Based on data from the China Labor Force Dynamics Survey (CLDS), this study investigates the impact of LOE on CCE in 8198 farm households in 27 provinces of China, and attempts to find specific mechanisms of action. Through the previous empirical analysis and discussion, the study mainly obtained the following conclusions:
(1)
Among the 8198 peasant households, the proportion of LOE was 39%, and the overall utilization rate of CCE was not high, accounting for 40%.
(2)
The benchmark analysis results showed that LOE can significantly promote the use of CCE. Specifically, while the other conditions remain unchanged, with every 1% increase in the proportion of LOE 1%, the probability of farmers using CCE increased by an average of 1.019%. The results of the heterogeneity analysis indicated that if the household head has a university education or above, and the family is located in large urban areas or rural areas in mountainous areas, LOE will have a greater positive impact on CCE use.
(3)
Through the mediation effect, the internal mechanism of the influence of LOE on the adoption of CCE was further analyzed. The results show that LOE has significantly promoted the use of CCE, and this action mechanism is mainly realized through three pathways: per capita annual cash income, social relationship network, and demographic structure.
In the context of “double carbon”, energy transition has become an important development strategy to achieve the coordinated and sustainable development of the national economy, society, and environment. Promoting the use of clean energy for home cooking in rural areas can lead to multiple gains. First, reducing greenhouse gas emissions and achieving low-carbon development in rural areas. Second, reducing the environmental pollution caused by straw and agricultural film burning, and contributing to the construction of a beautiful countryside.
Therefore, this paper makes policy suggestions from the following aspects:
First, the government should further improve the mechanism for urban and rural labor mobility and promote the reasonable flow of rural labor between urban and rural areas through training, and ensure equal public services between urban and rural services, which will help farmers to improve their clean energy consumption by stabilizing off-farm employment and increasing their wage income. Second, the government should vigorously promote the implementation strategy of clean energy in rural areas and strengthen the construction of energy infrastructure in remote areas. For example, through financial subsidies, they should vigorously develop biogas, solar, and wind power, improve the environment and conditions for using clean energy for cooking, and promote the transformation and upgrading of energy for cooking. Third, the government should provide reasonable guidance and publicity to enhance residents’ awareness of the use of clean energy in cooking. To be specific, farmers’ awareness of environmental protection can be strengthened through training and technology promotion so that farmers can understand the relationship between the use of clean energy and physical health, so as to fully realize the urgency and necessity of choosing clean energy, and promote the transformation of their energy consumption to clean and sustainable energy.
There are certain shortcomings in this paper. First, with the deepening of marketization, industrialization, and urbanization, the degree of part-time employment of farmers has been increasing. Part-time farmers can also increase their household income levels through off-farm employment, which can affect the use of clean energy for cooking by farm households. The impact of part-time employment on farm households’ CCE use can be further explored in the future. Second, labor migration is a dynamic process, and panel data can reveal the effect mechanism between labor migration and household clean energy use to a certain extent, so further in-depth research is needed.

Author Contributions

Conceptualization, W.Z. and D.X.; methodology, C.Q., X.D. and J.H.; software, S.G.; formal analysis, W.Z. and J.H.; investigation, J.S.; writing—original draft preparation, W.Z. and C.Q.; writing—review and editing, J.S. and S.G.; supervision, D.X.; funding acquisition, C.Q. All authors have read and agreed to the published version of the manuscript.

Funding

This research was funded by the Special Program for Cultivating Excellent Young Talents under the Dual Support Plan of Sichuan Agricultural University, Undergraduate Research Interest Cultivation Program in 2021 of Sichuan Agricultural University (2021489; 2021488).

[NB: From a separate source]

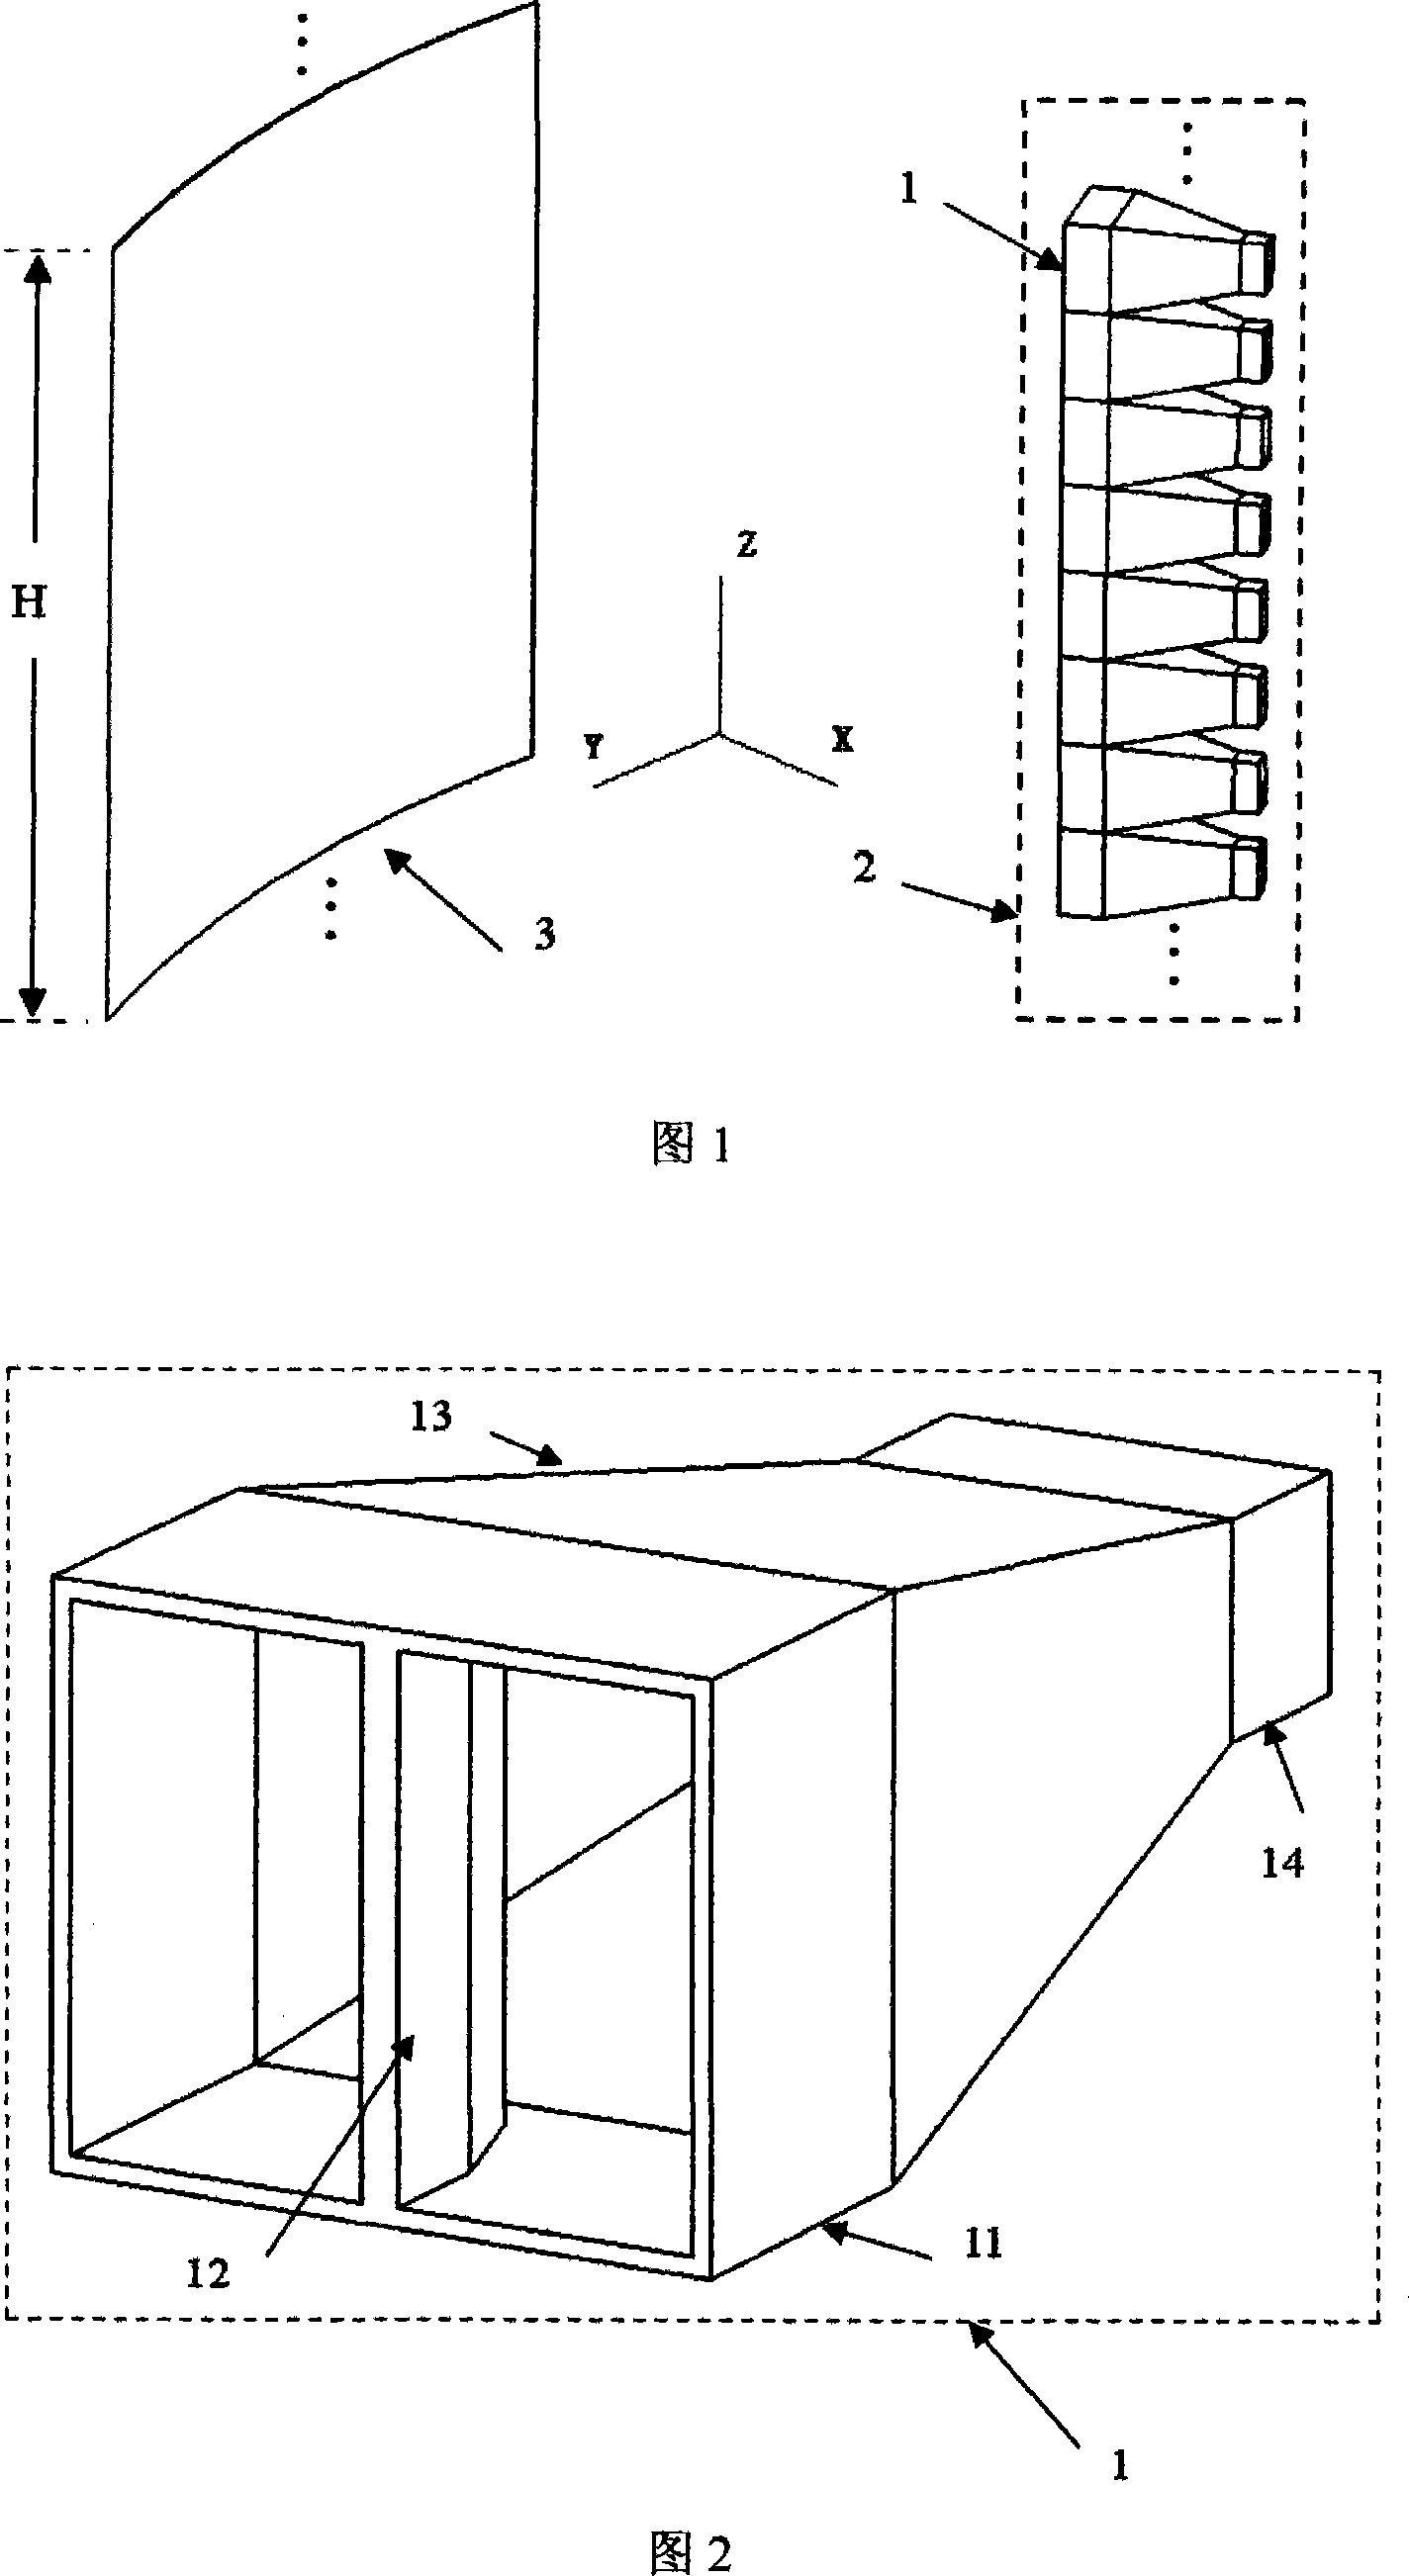 Power dividing horn antenna for space power synthesis and array thereof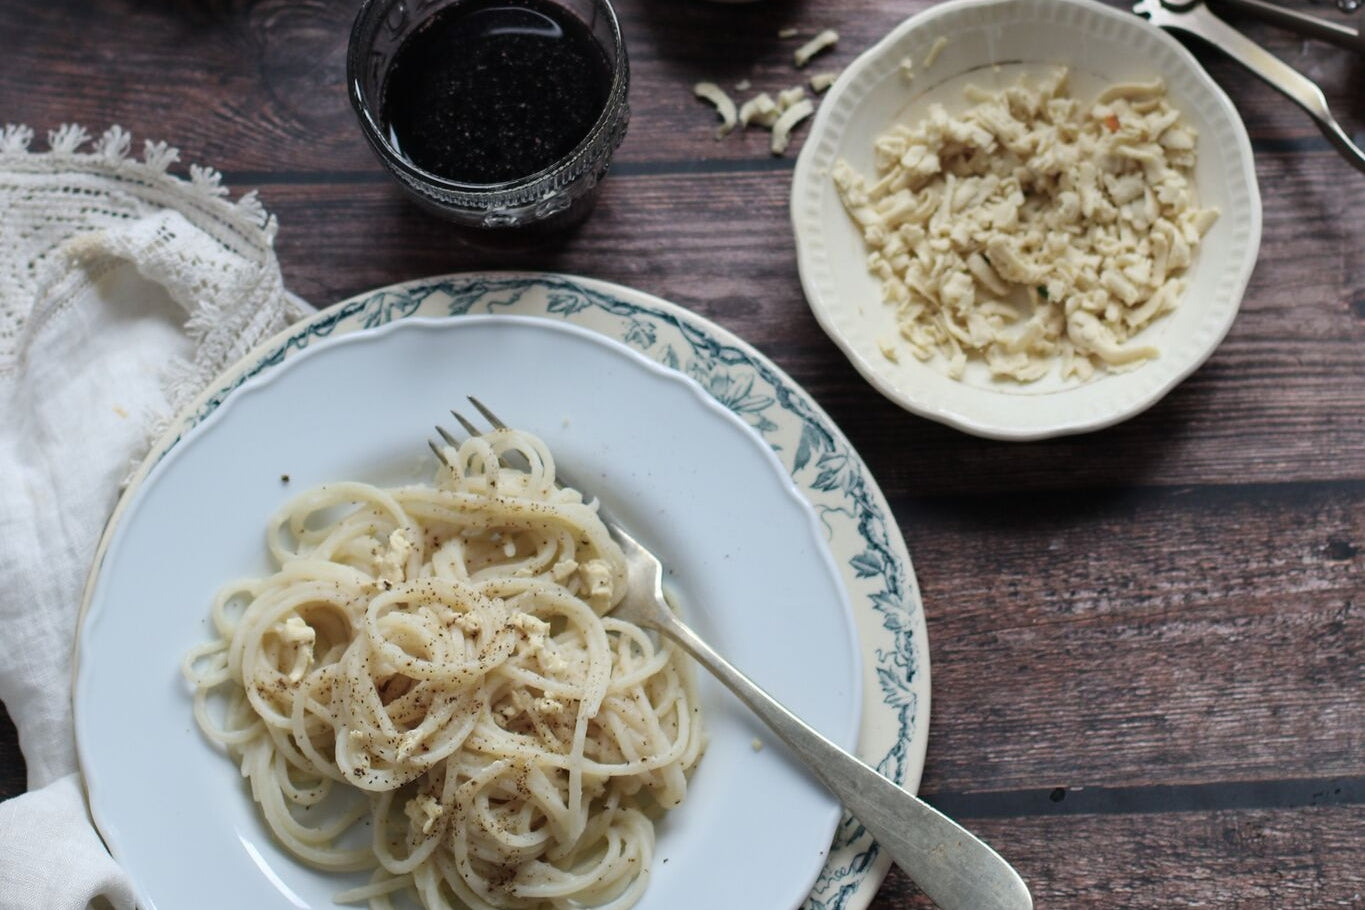 Bowl of vegan cacio e pepe noodles with dairy-free cauliflower sauce. Served next to a bowl of shredded dairy-free cheese.

Institutional Review Board Statement

Not applicable.

Informed Consent Statement

Not applicable.

Data Availability Statement

Not applicable.

Acknowledgments

We gratefully acknowledge the financial support from the Special Program for Cultivating Excellent Young Talents under the Dual Support Plan of Sichuan Agricultural University, Undergraduate Research Interest Cultivation Program in 2021 of Sichuan Agricultural University (2021489; 2021488). The authors also extend great gratitude to the anonymous reviewers and editors for their helpful review and critical comments.

Conflicts of Interest

The authors declare that they have no conflict of interest. This article does not contain any studies with human participants or animals performed by any of the authors. Informed consent was obtained from all the individual participants included in the study.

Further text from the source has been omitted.